Reflection for Sunday October 8th, 2023
Sunday Gospel: Mt 21:33-43
This week’s first reading, Psalm, and Gospel are all focused on the image of the vineyard. Jesus gives a parable of a landowner who gives his vineyard to abusive tenants that beat and kill his servants and son. The parable is a summary of salvation history and the way the prophets were treated and a prediction of what will happen to Jesus. When I prayed with this passage I thought about how I fit into this parable. It is easy to think that this parable does not apply to us, that it is only about Israel and the Old Testament. However, we are all tenants of God’s vineyard. Our vineyards may all look different but we are all expected to care for them and to bear fruit.

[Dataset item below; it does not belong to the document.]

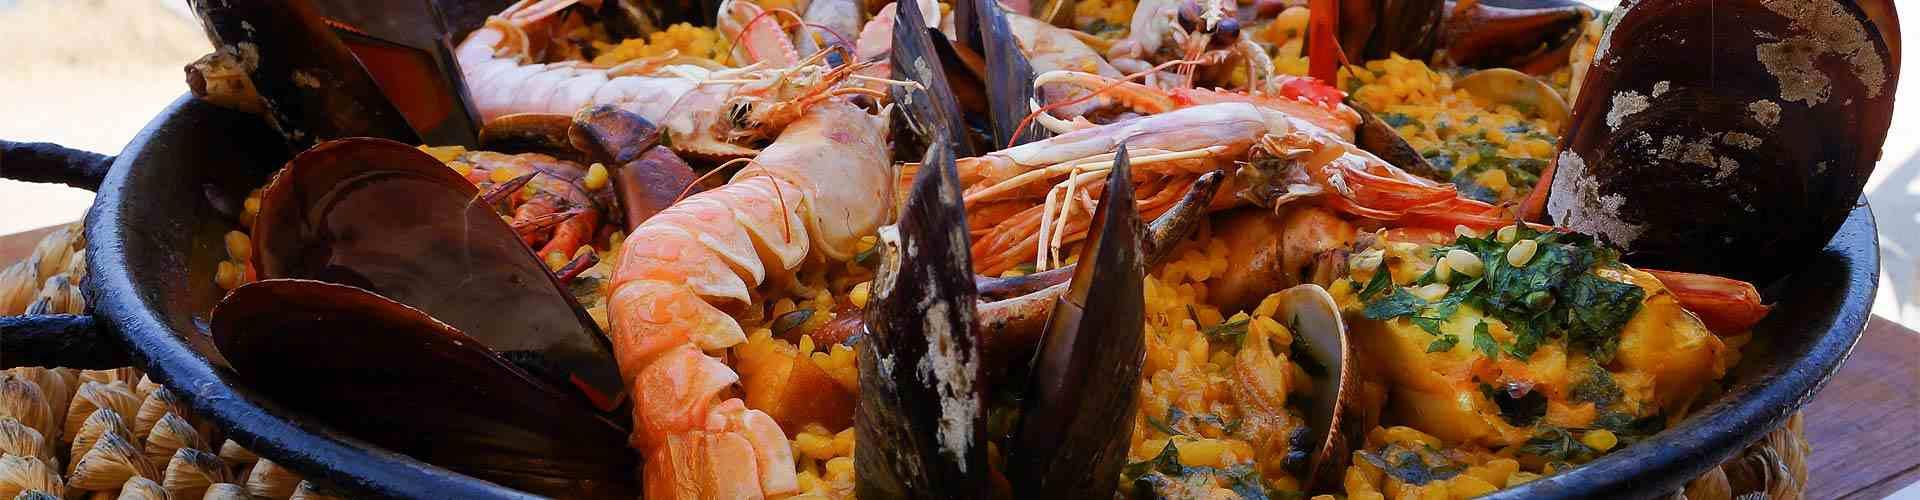 restaurante paellas en restaurantes de Agullent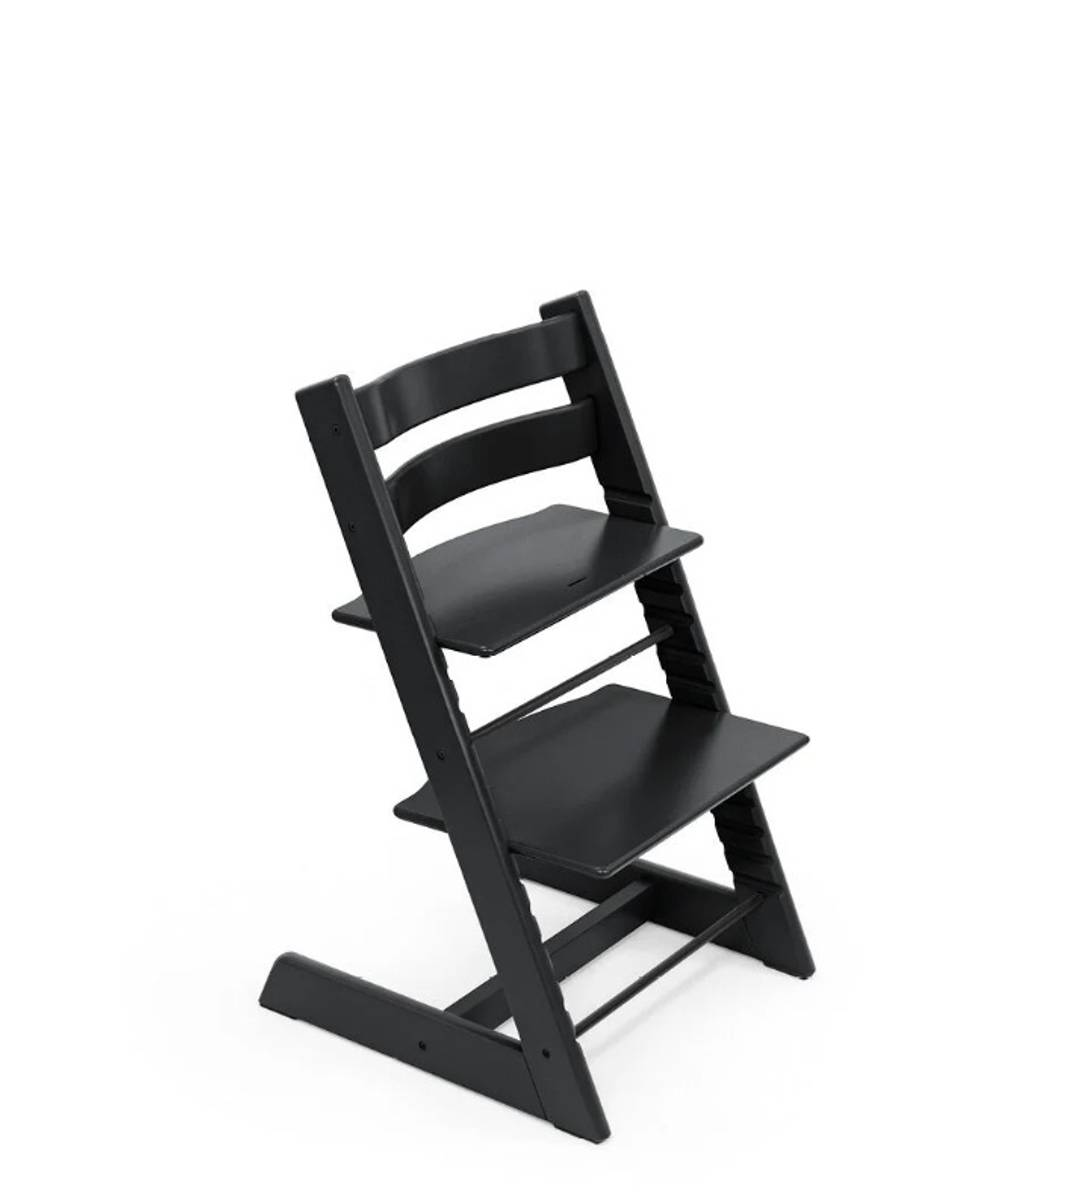 Stokke TRIPP TRAPP Stol | Black

Ultimately, our faith should affect the way we think, act, and live. It should lead to action. If our faith is not producing fruit in our own life and in the life of others then our faith is dead. While we are held accountable for the way we use our time and gifts, it is not totally up to us to bear fruit. In John 15, Jesus tells us that he is the vine and we are the branches, when we remain in him we will bear fruit. The key to having a vineyard that bears fruit is to stay connected to Jesus through prayer, scripture, sacraments, service, and christian community. What state is your vineyard in? What fruit are you producing as a result of your faith? How can you stay better connected to the true vine, Jesus?
Reflection for Sunday October 15th, 2023
Sunday Gospel: Mt 22:1-14
In this parable, Jesus uses the image of a wedding feast to describe the Kingdom of God. This parable talks about how God welcomes everyone but not everyone accepts his invitation. Jesus used the idea of a wedding because we are all familiar with weddings and how it's a time to celebrate with friends and family. This connects to readers today because everyone likes to get invited to a wedding. Guests dress up and look presentable — no one would wear sweats because that would be considered rude or inappropriate! When Jesus invites us to the wedding feast, he is really inviting us to join him in the Kingdom of God. The real question is if we accept the invitation or not. Saying “yes!” Jesus can be said or shown in many different ways including talking to Jesus through prayer, cheering up a friend, or maybe being nice to someone who often annoys us. All of these ways are saying “yes!” To Jesus. What is one way you could say yes to Jesus?
This week's reflection is by Claire, MSJA class of 2027.